Dirk Gregorius wrote: Why does the system matrix actually gets PSD in the presence of friction constraints? Is this always the case (e.g. just one contact point with friction) or does this only happen if some constraints become linear dependent? Can we maybe work around this? KenB mentioned somewhere that using something (normal impulses?) from the previous frame would help? What is this and why would this make the system matrix PD or at least better behaved? Ideas?

You mentioned to contribute / publish an implementation with a modifed Lemke algorithm? Any updates on this?
If you follow Coulomb friction then the big matrix is no symmetry so it's also not PSD.
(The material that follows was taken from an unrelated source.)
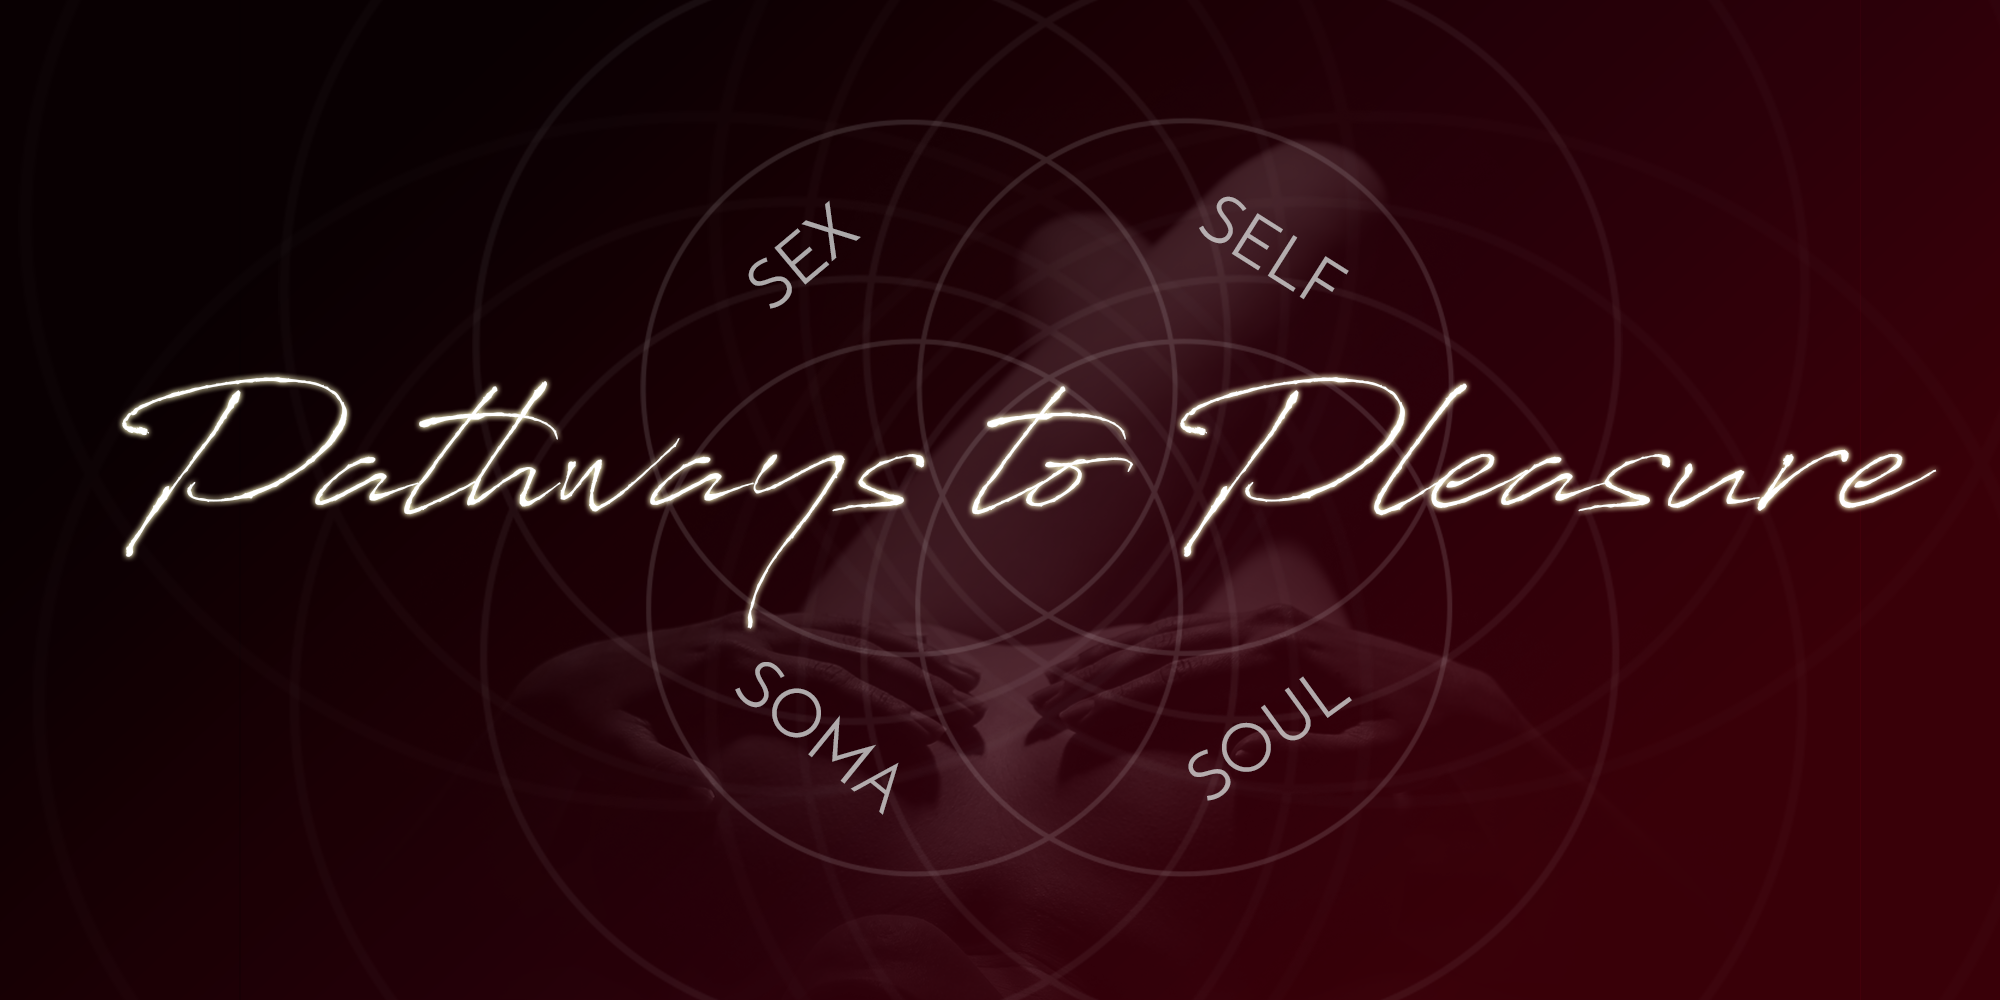 Pathways-to-Pleasure-Banner-4.png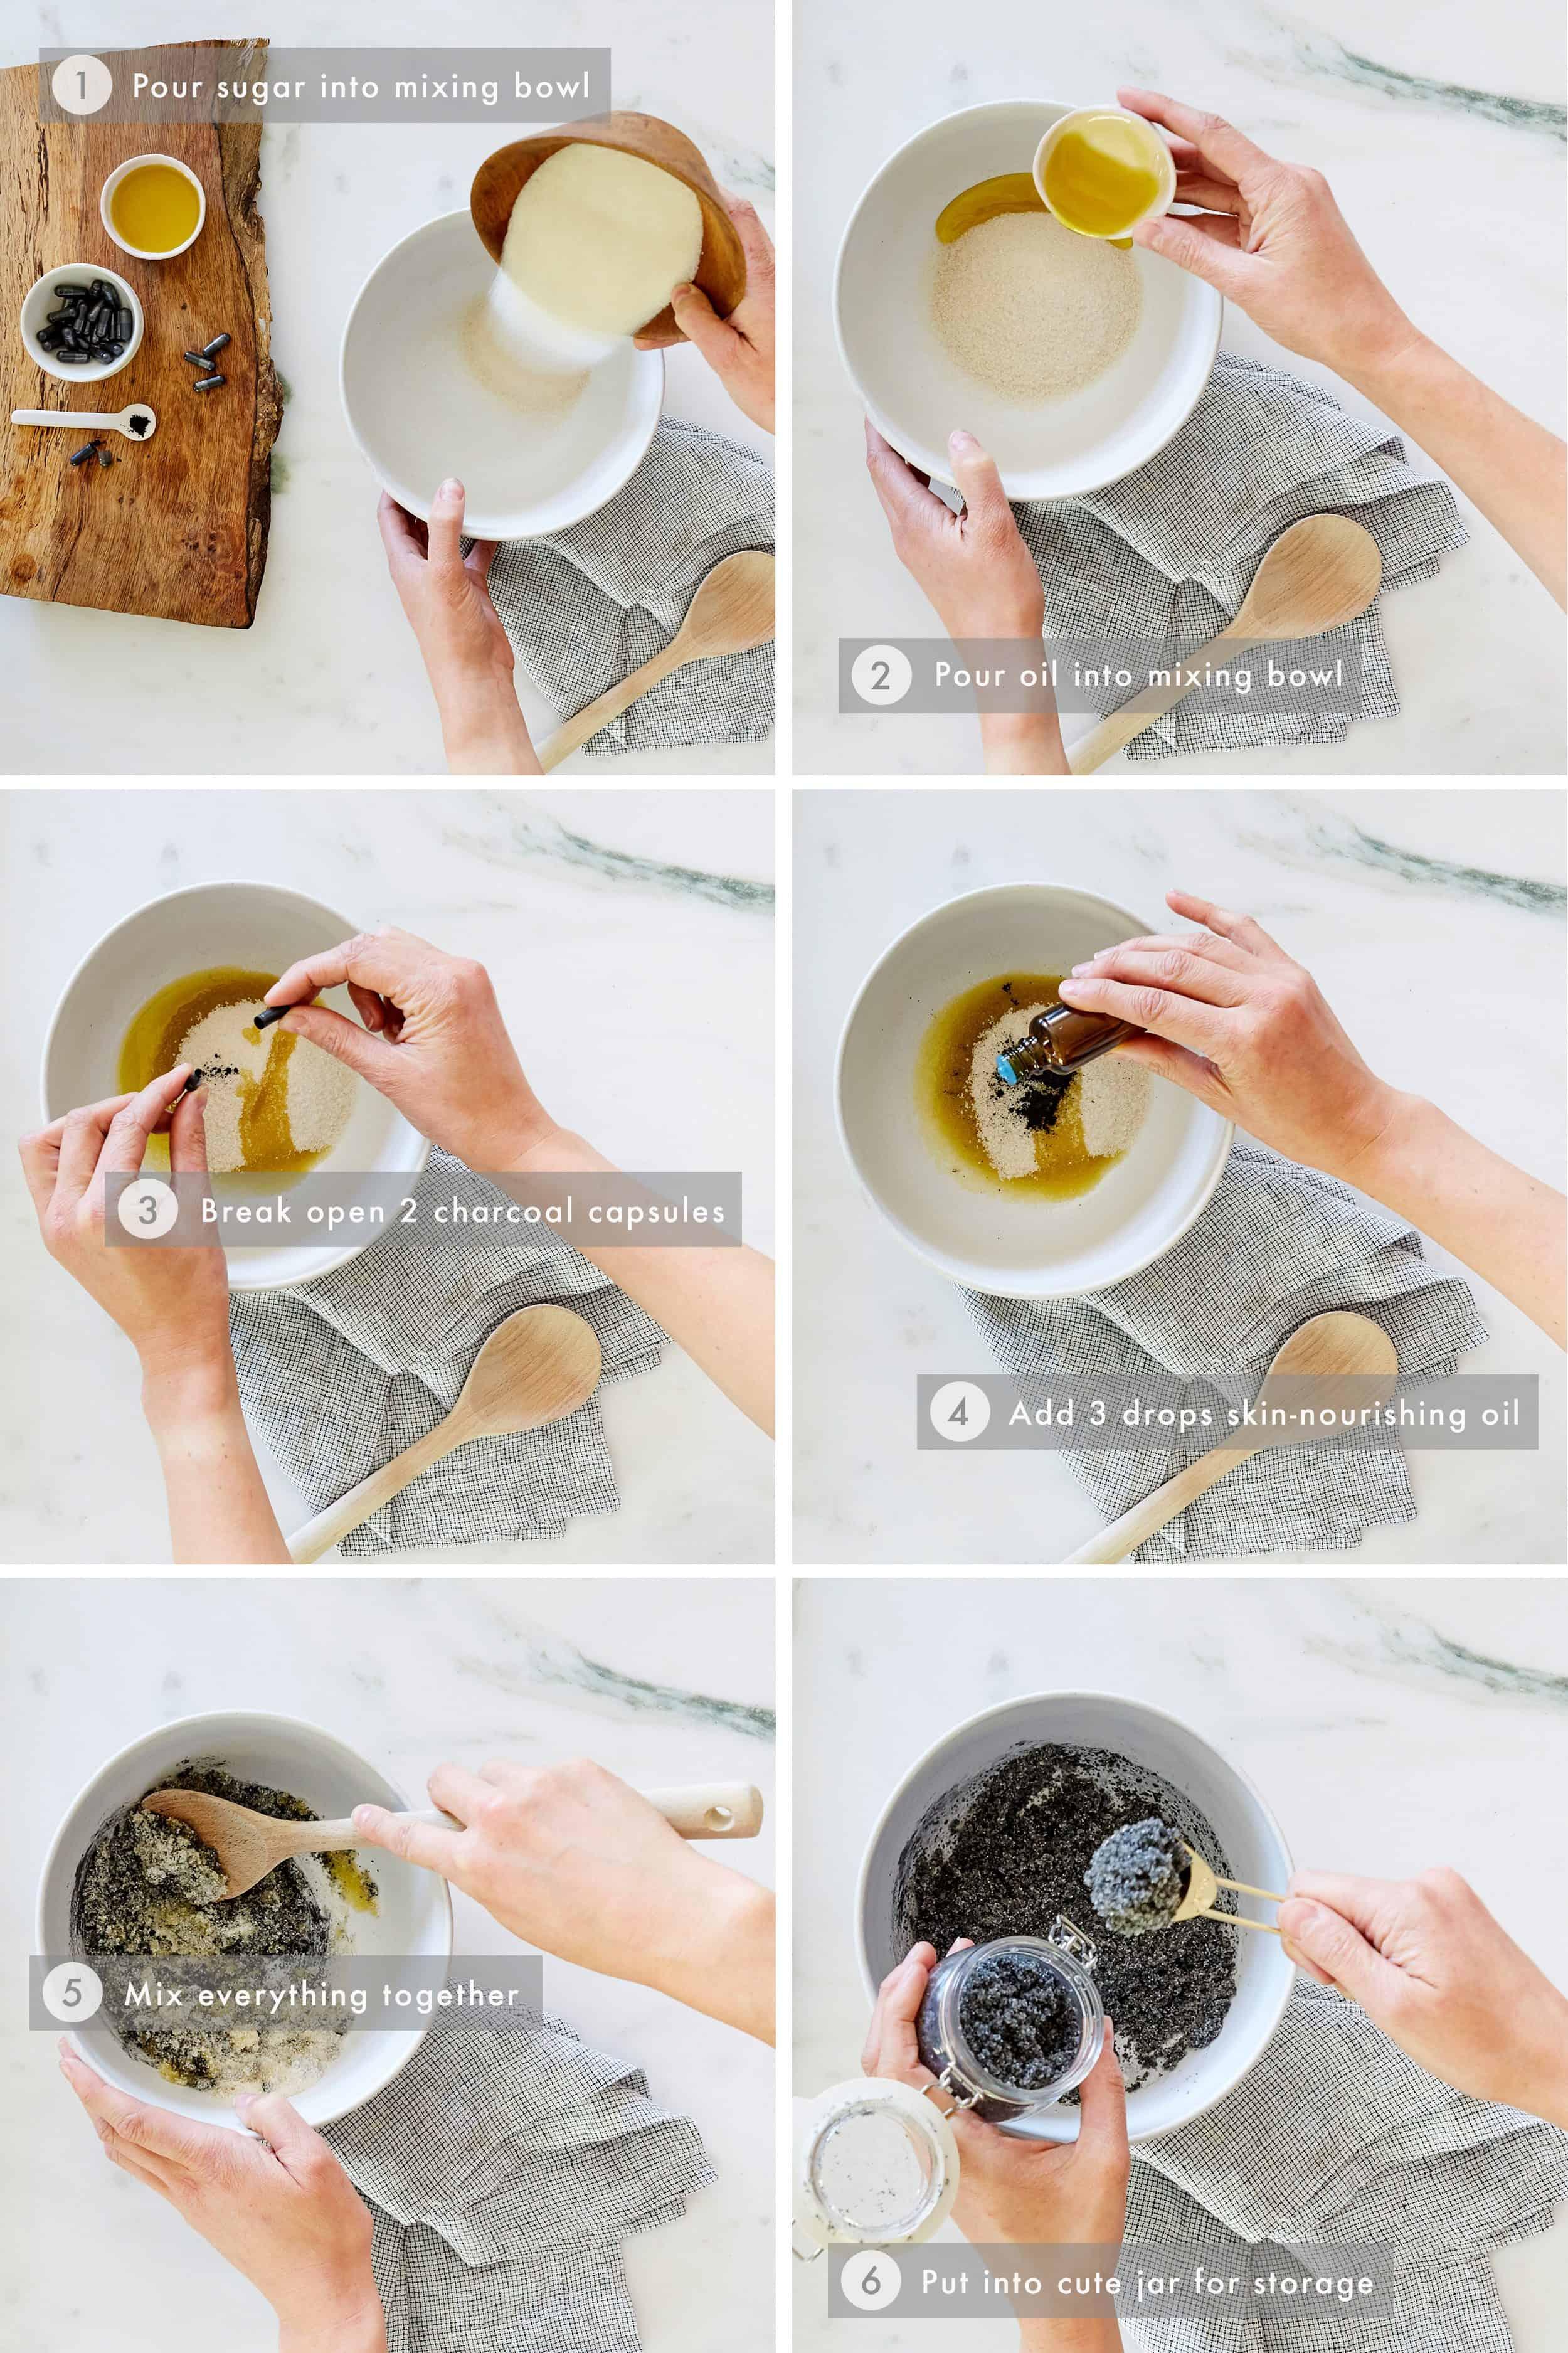 DIY Charcoal Face Scrub Step-by-Step

You can see the formulation with contact and Coulomb friction as follow:
Stewart-Trinkle formulation with contact and Coulomb friction
Stewart-Trinkle formulation with contact and Coulomb friction
mcp.PNG (27.26 KiB) Viewed 10239 times
You can see that the E and -E^T,U breaks everything here. The problem is not monotone LCP like the one you usually have but it's co-positive and (most of the time) Lemke can solve.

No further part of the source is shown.